The US Food and Drug Administration (FDA) has rules in place for that very reason.

And yet it does virtually nothing to police those financial conflicts, and actually considers it a waste of time.

As recently reported in the New York Times, a stunning investigation by the Department of Health and Human Services (DHHS) that was released January 12th found the FDA failed to receive (and, it is assumed, ask for) the various forms and documents that would serve to disclose a doctor's financial conflicts of interest 42 percent of the time. It was also found that in 31 percent of the trials where forms WERE submitted, FDA reviewers failed to document that they had even examined the material.

And perhaps the most damning finding of all—according to the DHHS investigation, of the 20 percent of doctors who duly revealed a significant financial conflict, neither the FDA or even the sponsoring manufacturers took any kind of action, or made any attempt to respond to the conflicts.

It was ten years ago that the disclosure requirements for drug companies and manufacturers conducting clinical trials were implemented by the FDA. Manufacturers, and companies with a vested interest in the trials were required to collect information prior to the commencement of a trail, and report the findings to the FDA.

And yet, the FDA was shown to have made little attempt to enforce the own requirement, and may not even have used the information if, and when it was made available.

It is suggested that there's a lot more information out there than is getting to the required source. As reported in the New York Times, studies have shown that one-fifth, to a full one-third of all doctors carry such conflicts. And yet, less than 1 percent of all doctors involved in the oversight of clinical trials ever bothered to register with the FDA. Those few who did, reported a significant conflict of interest.

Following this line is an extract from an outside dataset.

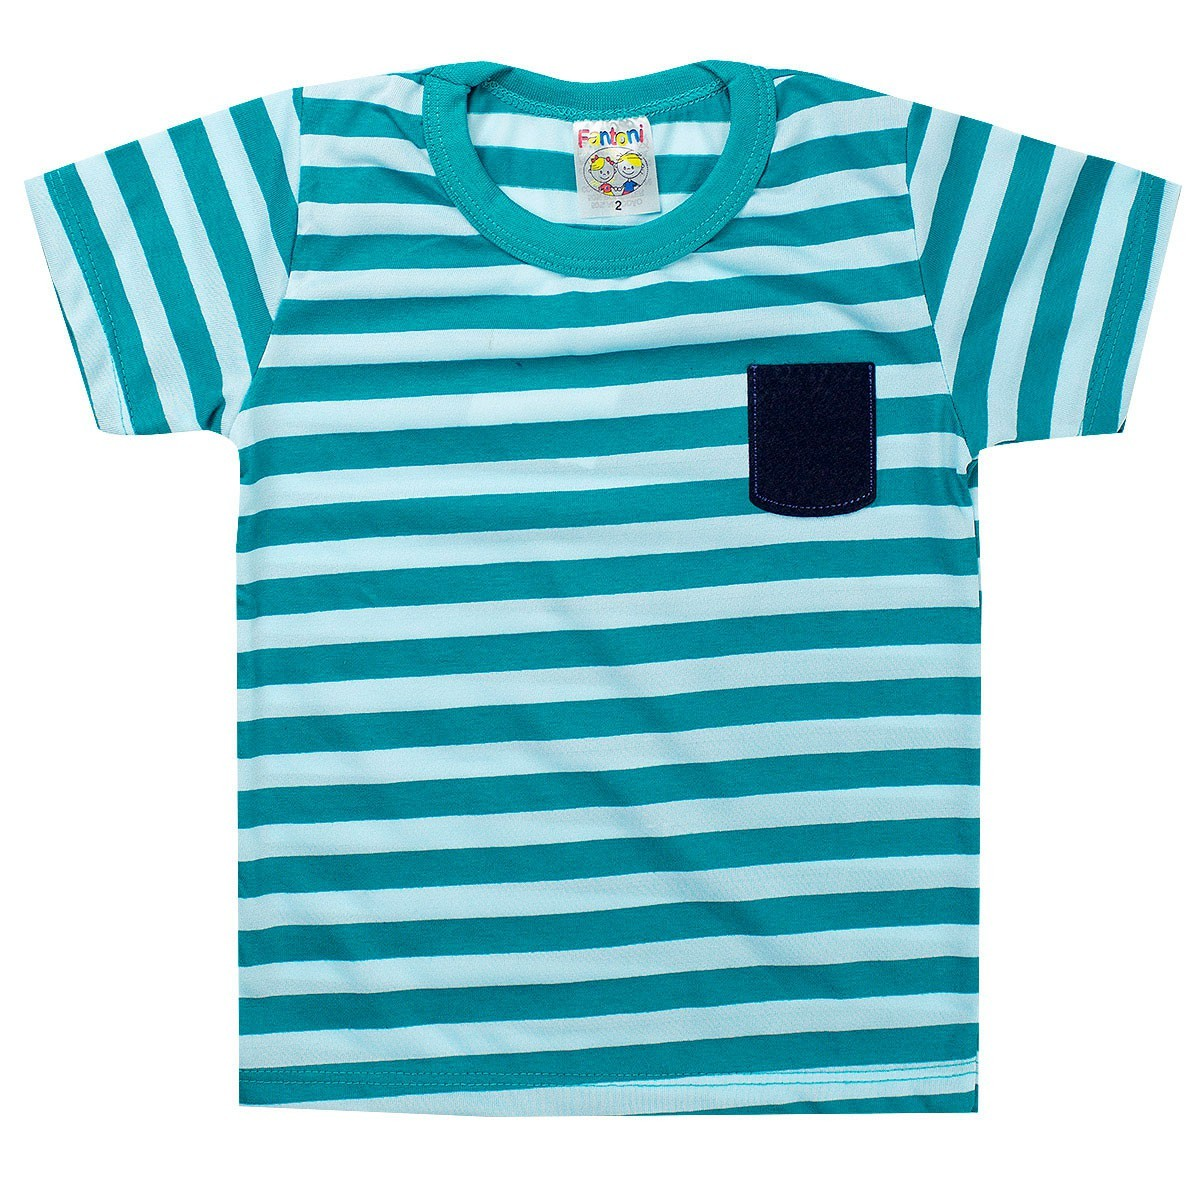 Camiseta Infantil Menino Listrada Verde - Fantoni

A spokesperson for the FDA was on record as saying the agency was not in agreement with reviewing doctors' financial conflicts prior to trials, because they represented a single source of possible bias.

However, the concern remains that such conflicts have the potential to skew studies.

You can see how it could easily happen. A doctor receiving an honorarium from XYZ Corporation for any number of services is involved in a clinical trial with regard to a potential new drug to be manufactured, and marketed by XYZ. One can well imagine the possibility exists that a health risk inherent with the drug could be glossed over, and the negativity mitigated or at least minimized, in deference to the doctor's prior and existing relationship with the sponsoring manufacturer.

Such a potentiality could risk harm to patients, and the inspector general said so.

It should be noted that the rules for conflict reporting allow for a caveat: drug companies and manufacturers can get around the requirement if they certify their due diligence in attempting to secure the required information, but despite all efforts could not do so. Drug companies claimed this exemption in 28 percent of their drug, and medical device applications.

However, it was noted that in a further 23 percent of the applications, companies filed neither exemptions, nor disclosure forms at all.

And here's the most troubling part: after the inspector general recommended that the FDA pull up its socks and improve their policing of their own rules, the agency replied that it basically wasn't worth the trouble.

It's a fair request. You have rules—rules that your agency actually sponsored. Thus, if you have a rule that states a financial disclosure is required, those disclosures should be duly secured, and FDA officials should review the documents before trials actually commence. This should be done, the health inspector recommended, so that patients are protected.

The FDA basically told the health inspector to jump in the lake.

The FDA will be getting new leadership in tandem with the incoming Obama Administration. Some may suggest it can't happen soon enough.